INSTRUCTIONS TO FOLLOW:
Using the listing below, please gather every line containing the word "Fitness".

LISTED RECORDS:

>>>

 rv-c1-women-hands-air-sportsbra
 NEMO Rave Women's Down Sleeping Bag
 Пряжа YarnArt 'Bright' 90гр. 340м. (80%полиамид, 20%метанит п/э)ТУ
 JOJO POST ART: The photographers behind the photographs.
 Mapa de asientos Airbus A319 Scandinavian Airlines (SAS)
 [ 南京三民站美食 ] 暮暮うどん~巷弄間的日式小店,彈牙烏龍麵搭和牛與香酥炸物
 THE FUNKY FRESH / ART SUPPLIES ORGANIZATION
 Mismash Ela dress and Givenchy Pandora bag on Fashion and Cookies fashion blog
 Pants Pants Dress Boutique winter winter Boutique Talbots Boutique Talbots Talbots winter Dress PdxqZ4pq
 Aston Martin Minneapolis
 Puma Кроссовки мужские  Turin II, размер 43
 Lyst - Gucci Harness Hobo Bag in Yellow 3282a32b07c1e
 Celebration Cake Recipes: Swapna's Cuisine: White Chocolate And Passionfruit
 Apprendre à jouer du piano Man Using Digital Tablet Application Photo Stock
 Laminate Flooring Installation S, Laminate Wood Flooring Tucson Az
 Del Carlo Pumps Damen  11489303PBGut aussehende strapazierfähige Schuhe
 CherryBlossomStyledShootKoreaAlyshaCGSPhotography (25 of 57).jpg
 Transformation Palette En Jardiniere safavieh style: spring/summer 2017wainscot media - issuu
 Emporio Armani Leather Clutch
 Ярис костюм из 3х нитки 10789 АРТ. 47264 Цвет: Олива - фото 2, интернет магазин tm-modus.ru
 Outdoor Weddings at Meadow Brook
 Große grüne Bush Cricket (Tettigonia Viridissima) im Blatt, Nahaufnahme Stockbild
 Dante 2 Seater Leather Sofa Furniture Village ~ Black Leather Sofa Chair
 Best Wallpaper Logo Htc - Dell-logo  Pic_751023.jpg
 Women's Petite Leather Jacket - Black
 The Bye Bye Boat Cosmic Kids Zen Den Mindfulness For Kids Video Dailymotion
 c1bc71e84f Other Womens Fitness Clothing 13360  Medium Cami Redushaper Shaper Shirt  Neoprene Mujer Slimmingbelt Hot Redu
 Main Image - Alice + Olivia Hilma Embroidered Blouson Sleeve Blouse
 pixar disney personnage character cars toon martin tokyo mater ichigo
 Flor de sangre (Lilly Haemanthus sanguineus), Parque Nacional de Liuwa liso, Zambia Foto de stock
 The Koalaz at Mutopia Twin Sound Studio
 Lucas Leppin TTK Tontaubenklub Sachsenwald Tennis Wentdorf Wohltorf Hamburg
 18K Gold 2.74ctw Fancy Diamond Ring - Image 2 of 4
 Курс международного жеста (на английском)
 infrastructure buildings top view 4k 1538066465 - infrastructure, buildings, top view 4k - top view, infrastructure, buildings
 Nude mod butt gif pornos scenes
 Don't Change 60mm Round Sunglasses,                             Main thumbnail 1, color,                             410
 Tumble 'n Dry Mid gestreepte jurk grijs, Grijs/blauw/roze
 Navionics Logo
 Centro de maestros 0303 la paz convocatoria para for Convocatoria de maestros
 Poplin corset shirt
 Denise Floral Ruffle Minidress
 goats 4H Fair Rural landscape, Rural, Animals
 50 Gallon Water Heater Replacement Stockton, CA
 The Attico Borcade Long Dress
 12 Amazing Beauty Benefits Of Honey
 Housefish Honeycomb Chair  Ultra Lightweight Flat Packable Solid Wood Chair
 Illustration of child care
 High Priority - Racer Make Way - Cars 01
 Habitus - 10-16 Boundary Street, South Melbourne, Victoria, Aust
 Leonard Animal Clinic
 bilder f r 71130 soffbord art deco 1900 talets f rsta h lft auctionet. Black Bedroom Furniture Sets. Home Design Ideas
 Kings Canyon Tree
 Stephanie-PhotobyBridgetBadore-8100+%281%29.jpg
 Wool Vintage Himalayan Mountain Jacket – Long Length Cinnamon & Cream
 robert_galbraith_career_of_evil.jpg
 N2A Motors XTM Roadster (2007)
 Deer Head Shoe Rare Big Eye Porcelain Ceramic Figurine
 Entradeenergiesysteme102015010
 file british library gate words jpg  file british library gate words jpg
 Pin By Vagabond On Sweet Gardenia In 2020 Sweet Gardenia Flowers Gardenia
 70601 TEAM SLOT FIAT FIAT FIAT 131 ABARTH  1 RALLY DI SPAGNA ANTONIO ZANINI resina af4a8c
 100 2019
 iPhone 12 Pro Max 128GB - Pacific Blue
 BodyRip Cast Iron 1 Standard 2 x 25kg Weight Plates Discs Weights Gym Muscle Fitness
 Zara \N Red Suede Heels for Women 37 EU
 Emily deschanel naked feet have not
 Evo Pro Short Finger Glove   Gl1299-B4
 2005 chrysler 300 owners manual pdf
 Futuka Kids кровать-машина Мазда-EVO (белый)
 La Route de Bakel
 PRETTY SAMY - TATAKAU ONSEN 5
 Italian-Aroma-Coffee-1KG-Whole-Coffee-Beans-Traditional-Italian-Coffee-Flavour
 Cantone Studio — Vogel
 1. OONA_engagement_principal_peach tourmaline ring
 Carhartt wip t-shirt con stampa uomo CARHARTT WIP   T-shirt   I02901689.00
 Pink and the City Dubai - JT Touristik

<<<

SOLUTION TO THE PROBLEM:
 c1bc71e84f Other Womens Fitness Clothing 13360  Medium Cami Redushaper Shaper Shirt  Neoprene Mujer Slimmingbelt Hot Redu
 BodyRip Cast Iron 1 Standard 2 x 25kg Weight Plates Discs Weights Gym Muscle Fitness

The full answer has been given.